The result I get back is exactly what I was hoping for, if not better. Illustrating how Context can be used to check for cancellation.


package main

import ( "context" "fmt" "sync" )

func collectResults(ctx context.Context, n int) []int { var wg sync.WaitGroup results := make([]int, 0, n) resultCh := make(chan int)

for i := 0; i < n; i++ {
  wg.Add(1)
  go func(i int) {
    defer wg.Done()
    select {
    case <-ctx.Done():
      return
    case resultCh <- i:
    }
  }(i)
}

go func() {
  wg.Wait()
  close(resultCh)
}()

for {
  select {
  case <-ctx.Done():
    return results
  case res, ok := <-resultCh:
    if !ok {
      return results
    }
    results = append(results, res)
  }
}

}

func main() { ctx, cancel := context.WithCancel(context.Background()) defer cancel()

results := collectResults(ctx, 5)
fmt.Println(results)

}


The explanation by ChatGPT is also great and had I not already read the documentation would have been enough information to understand how this code works:

In this example, the collectResults function creates a channel resultCh for collecting results from the goroutines, launches n number of goroutines, each sending its index to the channel, and increments a wait group for each goroutine. It also includes a select statement with the Context's Done channel to check if the Context has been cancelled and return early if so. Then, it launches a goroutine that waits for all goroutines to finish and closes the result channel. Finally, the main function collects the results from the channel by range over it with a select statement that also checks the Context's Done channel to return early if the Context is cancelled.


### Asking for an Explanation for the Original Code

I also tried asking for an explanation of the original code (just one function) which contained references to types and interfaces defined elsewhere.

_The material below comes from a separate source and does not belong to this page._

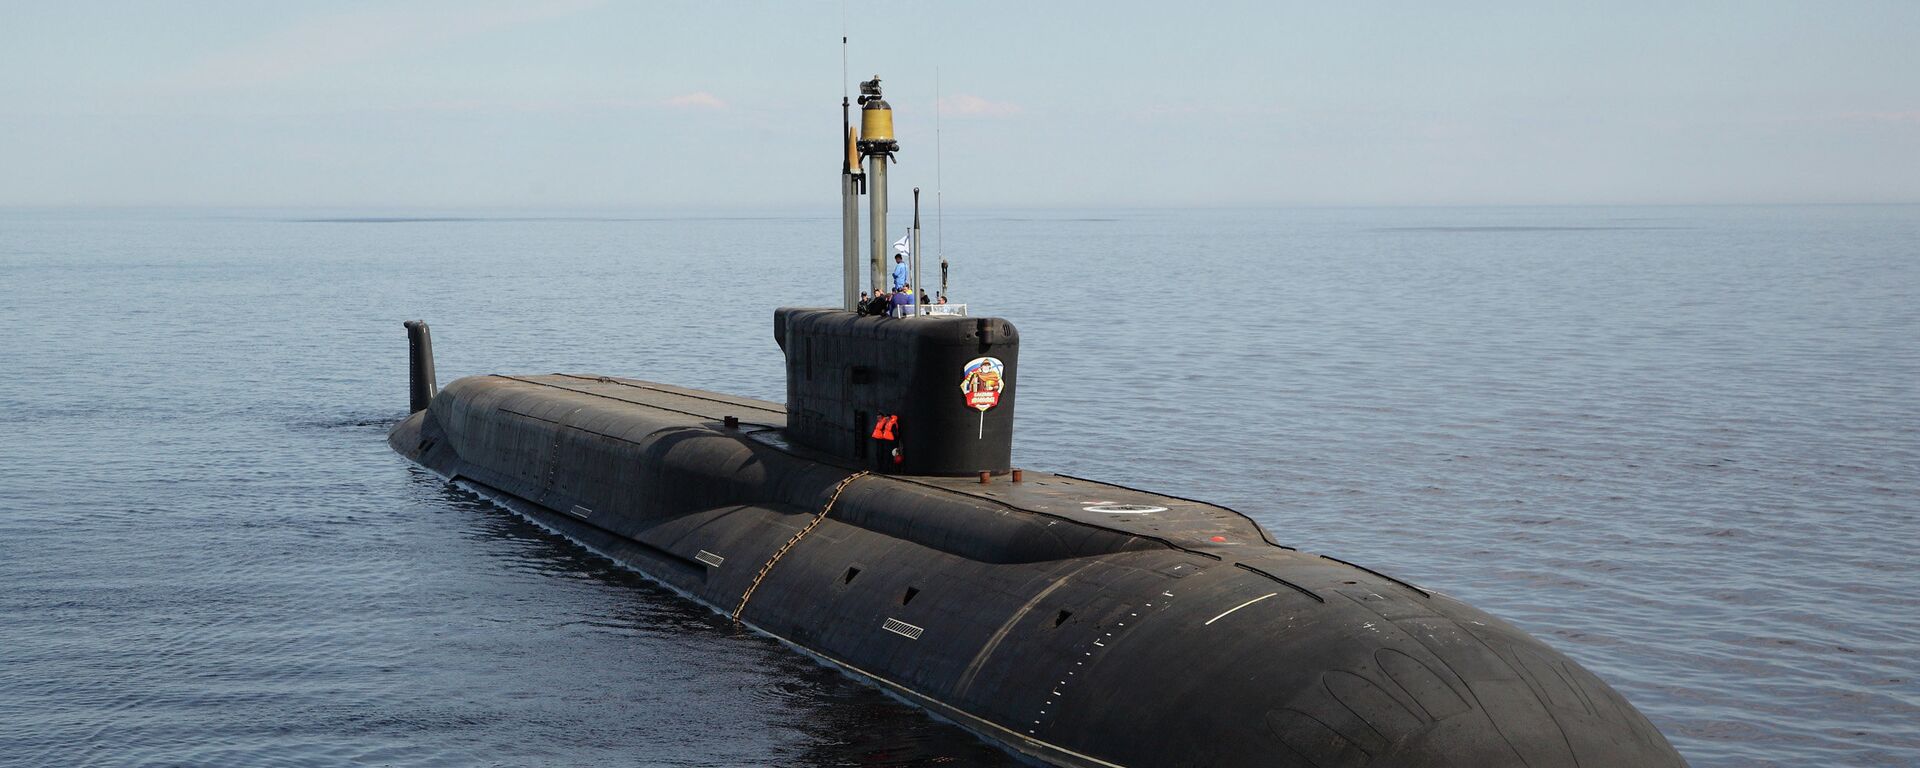 ロシアの原子力潜水艦K-551「ウラジミール・モノマフ」 - Sputnik 日本, 1920, 19.06.2022

What I think is most impressive here is that it was able to infer how some interfaces were used just from the name scheme. 
The rest of the actual explanation was perfect as well.

### In summary

I would probably save a lot of time if I just spent a little time practicing querying/prompting ChatGPT when researching something.
Google is so full of poorly written Medium posts, all with duplicate content, that researching can be done quicker and more accurately with ChatGPT in many cases.

Specifically with GoLang, the documentation in the code and official documentation online is well written/done that I should probably just never leave those resources.
But I plan on trying to take more advantage of this personally.